Ближе к центру островка, вдруг почти исчезла трава, и только толстый слой опавших сосновых иголок пружинил при ходьбе. Юрий остановился у особенно большого камня, покрытого мхом. В глаза бросился слишком прямой угол, трещиной пересекавший глыбу и уходящий в грунт. Присев у глыбы, Юрий принялся отгребать толстый слой опавших игл, пока не наткнулся на плиту под ними. Трещина сопрягалась с другой на плите под слоем грунта, образуя фигуру неправильной формы.

Медленным движением, Кудашев сдвинул отброшенный грунт на место и сел, прислонившись к каменной глыбе, поднял голову вверх, глядя в голубое летнее небо. Это была стена. Не просто стена, а изготовленная полигональной или мегалитической кладкой, уложенные впритирку, да так что между ними не всегда можно просунуть даже иголку камни- кирпичи неправильной многоугольной формы. Часто просто огромные, но всегда без какого-то соединяющего их раствора, с идеально подогнанными формами, входящими одна в другую. Удивительная прочность полигональной каменной кладки достигается ее несимметричностью. А вот как удалось рассчитать необходимые размеры, как древние сумели создать такую технологию — вопрос! Юрий знал о такой, видел в учебных фильмах о Мезоамерике. «Наследие Предков», со времен знаменитых экспедиций Эдмунда Кисса в Боливию, (результаты который собственно и привели к реализации путешествий в другие реальности), проявляло к тем местам самый живой интерес.

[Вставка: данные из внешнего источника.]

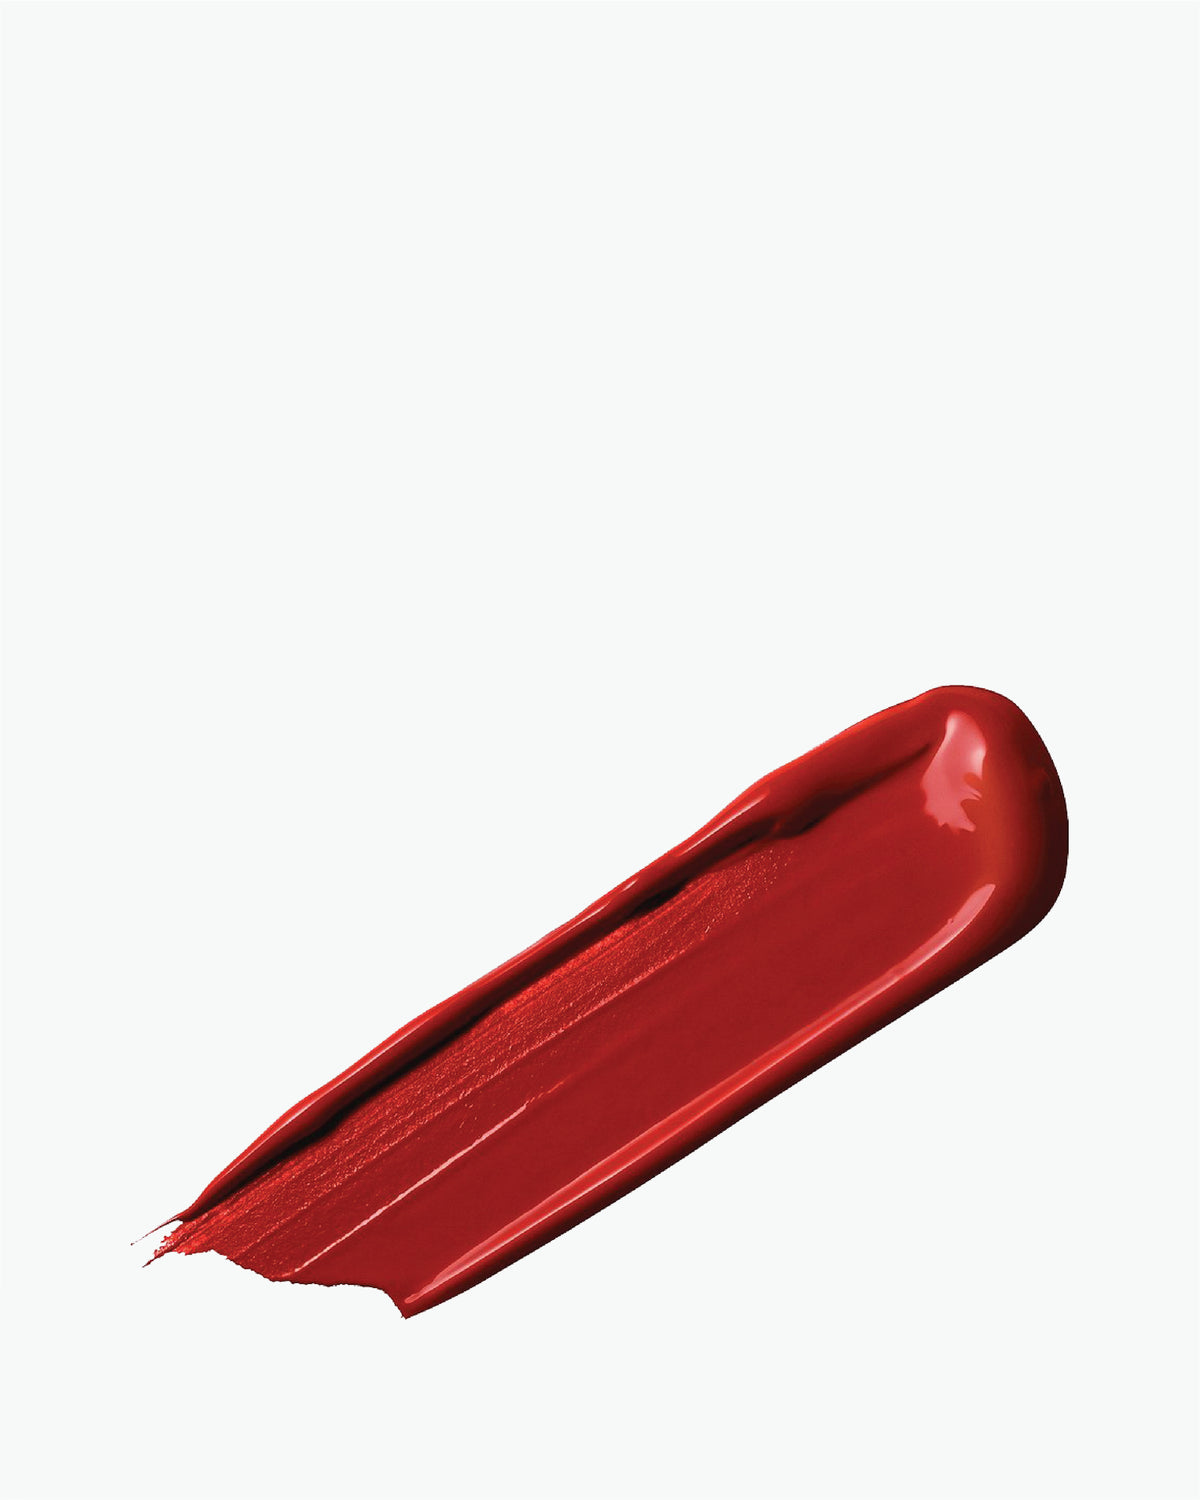 L’Absolu Rouge Ruby Cream, Ultra Pigmented Lipstick 3g

Открытие поразительное… аж дыхание перехватывает, но что с того. Кому оно нужно в этом мире? Тем не менее, именно в этот момент, обершарфюрер СС Кудашев понял, что, если он когда-либо, по невероятной счастливой случайности вернется домой, с военной карьерой будет покончено. Хороших солдат у Рейха всегда было и будет достаточно, а его неудержимо тянули к себе новые знания. И сейчас, сидя прислонившись спиной к стене с полигональной кладкой, которой по всем канонам не должно было тут быть, он остро переживал недостаток знаний. Решено, если боги позволят ему вернуться, он станет ученым.